第74天：Python newspaper 框架

本文轉載自查看原文 2020-05-31 15:52 906 python

by 程序員野客

1 簡介

newspaper 框架是一個主要用來提取新聞內容及分析的 Python 爬蟲框架，更確切的說，newspaper 是一個 Python 庫，但這個庫由第三方開發。

newspaper 主要具有如下幾個特點：

比較簡潔
速度較快
支持多線程
支持多語言

GitHub 鏈接：https://github.com/codelucas/newspaper

安裝方法：pip3 install newspaper3k

2 基本使用

2.1 查看支持語言

import newspaper

print(newspaper.languages())

2.2 獲取新聞

我們以環球網為例，如下所示：

import newspaper

hq_paper = newspaper.build("https://tech.huanqiu.com/", language="zh", memoize_articles=False)

默認情況下，newspaper 緩存所有以前提取的文章，並刪除它已經提取的任何文章，使用 memoize_articles 參數選擇退出此功能。

2.3 獲取文章 URL

>>> import newspaper

>>> hq_paper = newspaper.build("https://tech.huanqiu.com/", language="zh", memoize_articles=False)
>>> for article in hq_paper.articles:
>>>     print(article.url)

http://world.huanqiu.com/gallery/9CaKrnQhXvy
http://mil.huanqiu.com/gallery/7RFBDCOiXNC
http://world.huanqiu.com/gallery/9CaKrnQhXvz
http://world.huanqiu.com/gallery/9CaKrnQhXvw
...

2.4 獲取類別

>>> import newspaper

>>> hq_paper = newspaper.build("https://tech.huanqiu.com/", language="zh", memoize_articles=False)
>>> for category in hq_paper.category_urls():
>>>     print(category)

http://www.huanqiu.com
http://tech.huanqiu.com
http://smart.huanqiu.com
https://tech.huanqiu.com/

2.5 獲取品牌和描述

>>> import newspaper

>>> hq_paper = newspaper.build("https://tech.huanqiu.com/", language="zh", memoize_articles=False)
>>> print(hq_paper.brand)
>>> print(hq_paper.description)

huanqiu
環球網科技，不一樣的IT視角！
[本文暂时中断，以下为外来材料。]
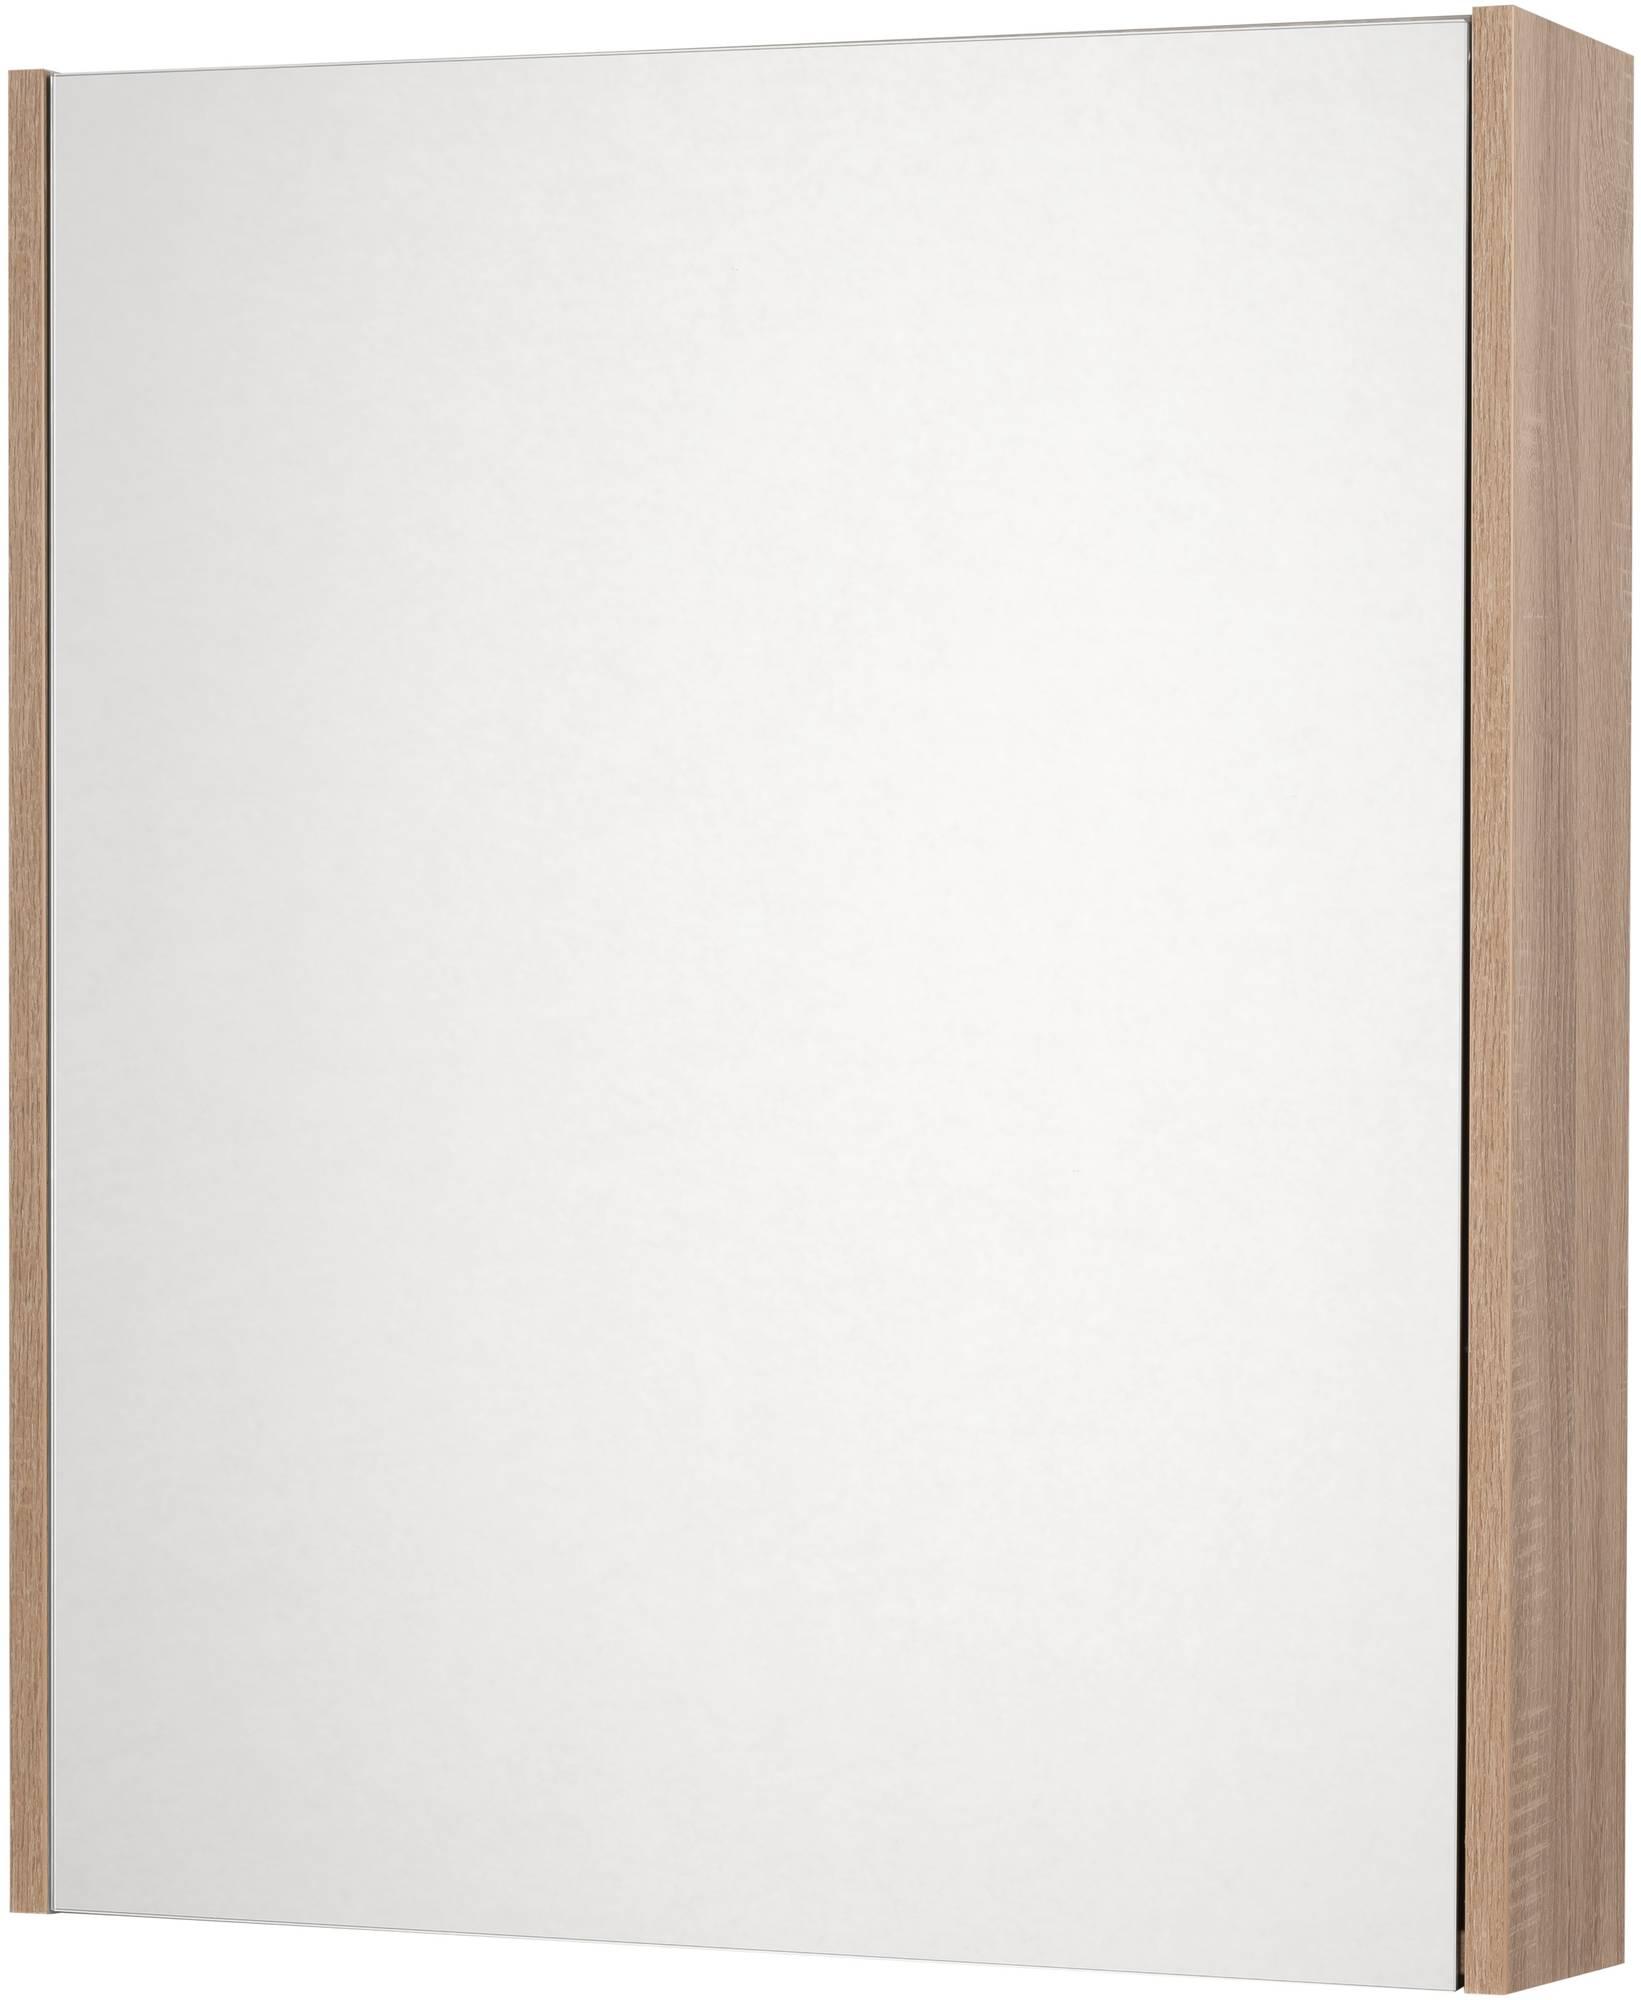 Saniselect Socan Spiegelkast 60x14x70 cm Bardolino Eiken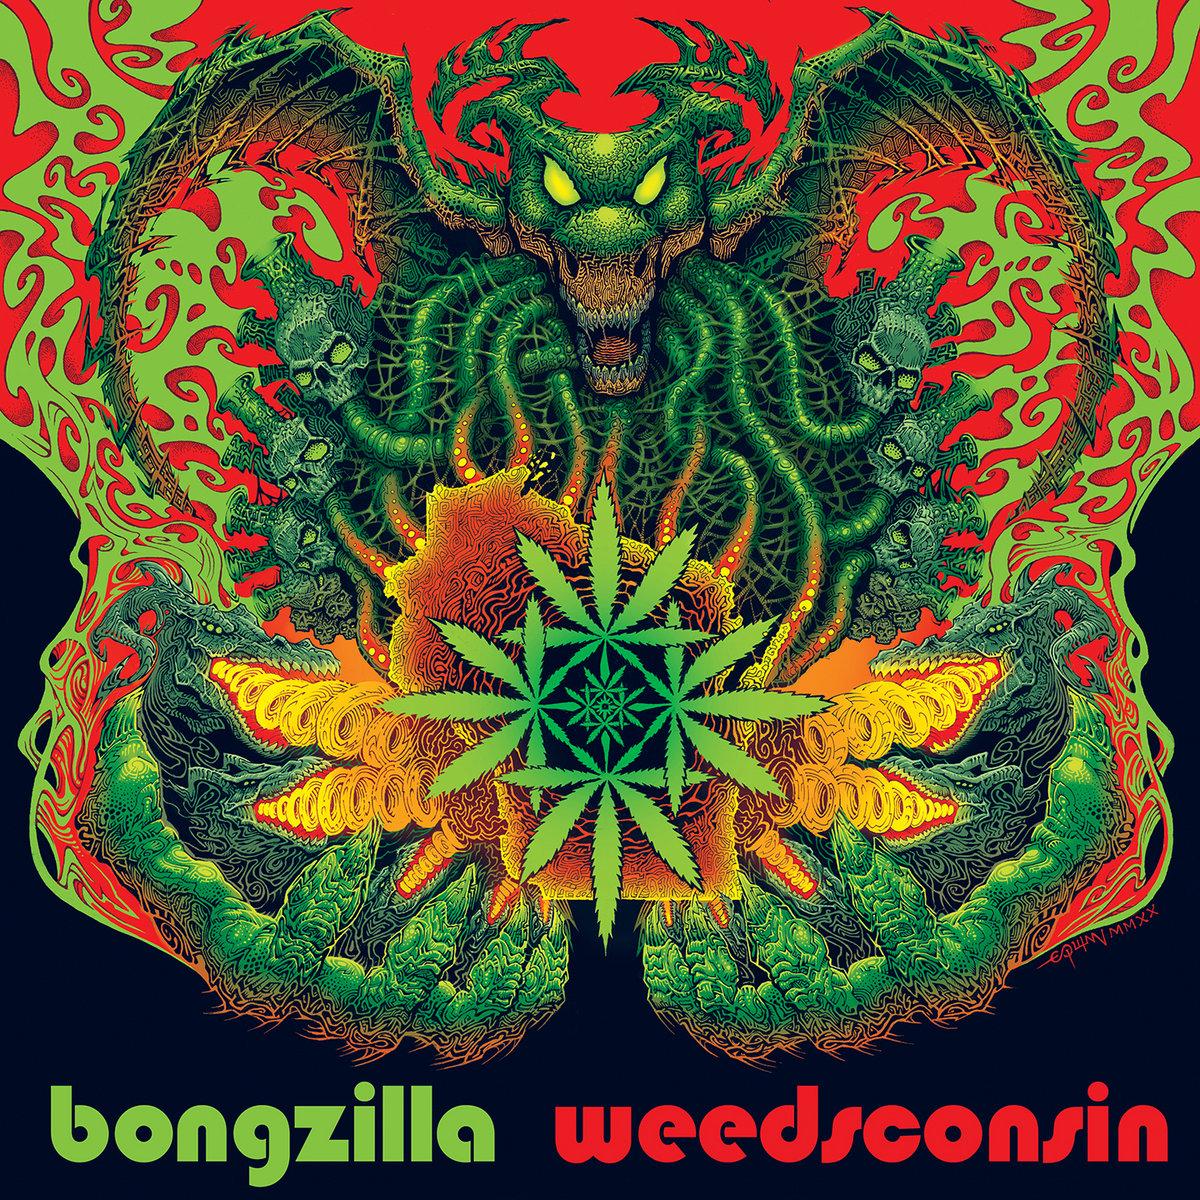 Reseña: BONGZILLA.- 'Weedsconsin'

以“成為全球科技界的一面鏡子”為出發點，向關注國際科技類資訊的網民，提供國際科技資訊的傳播與服務。

2.6 下載解析

我們選取其中一篇文章為例，如下所示：

>>> import newspaper

>>> hq_paper = newspaper.build("https://tech.huanqiu.com/", language="zh", memoize_articles=False)
>>> article = hq_paper.articles[4]
# 下載
>>> article.download()
# 解析
article.parse()
# 獲取文章標題
>>> print("title=", article.title)
# 獲取文章日期
>>> print("publish_date=", article.publish_date)
# 獲取文章作者
>>> print("author=", article.authors)
# 獲取文章頂部圖片地址
>>> print("top_iamge=", article.top_image)
# 獲取文章視頻鏈接
>>> print("movies=", article.movies)
# 獲取文章摘要
>>> print("summary=", article.summary)
# 獲取文章正文
>>> print("text=", article.text)

title= “美麗山”的美麗傳奇
publish_date= 2019-11-15 00:00:00
...

2.7 Article 類使用

from newspaper import Article

article = Article('https://money.163.com/19/1130/08/EV7HD86300258105.html')
article.download()
article.parse()
print("title=", article.title)
print("author=", article.authors)
print("publish_date=", article.publish_date)
print("top_iamge=", article.top_image)
print("movies=", article.movies)
print("text=", article.text)
print("summary=", article.summary)

2.8 解析 html

我們通過 requests 庫獲取文章 html 信息，用 newspaper 進行解析，如下所示：

import requests
from newspaper import fulltext

html = requests.get('https://money.163.com/19/1130/08/EV7HD86300258105.html').text
print('獲取的原信息-->', html)
text = fulltext(html, language='zh')
print('解析后的信息', text)

2.9 nlp（自然語言處理）

我們看一下在 nlp 處理前后獲取一篇新聞的關鍵詞情況，如下所示：

>>> from newspaper import Article

>>> article = Article('https://money.163.com/19/1130/08/EV7HD86300258105.html')
>>> article.download()
>>> article.parse()
>>> print('處理前-->', article.keywords)
# nlp 處理
>>> article.nlp()
>>> print('處理后-->', article.keywords)

處理前--> []
處理后--> ['亞洲最大水秀項目成擺設', '至今拖欠百萬設計費']

通過結果我們可以看出 newspaper 框架的 nlp 處理效果還算可以。

2.10 多任務

當我們需要從多個渠道獲取新聞信息時可以采用多任務的方式，如下所示：

import newspaper
from newspaper import news_pool

hq_paper = newspaper.build('https://www.huanqiu.com', language="zh")
sh_paper = newspaper.build('http://news.sohu.com', language="zh")
sn_paper = newspaper.build('https://news.sina.com.cn', language="zh")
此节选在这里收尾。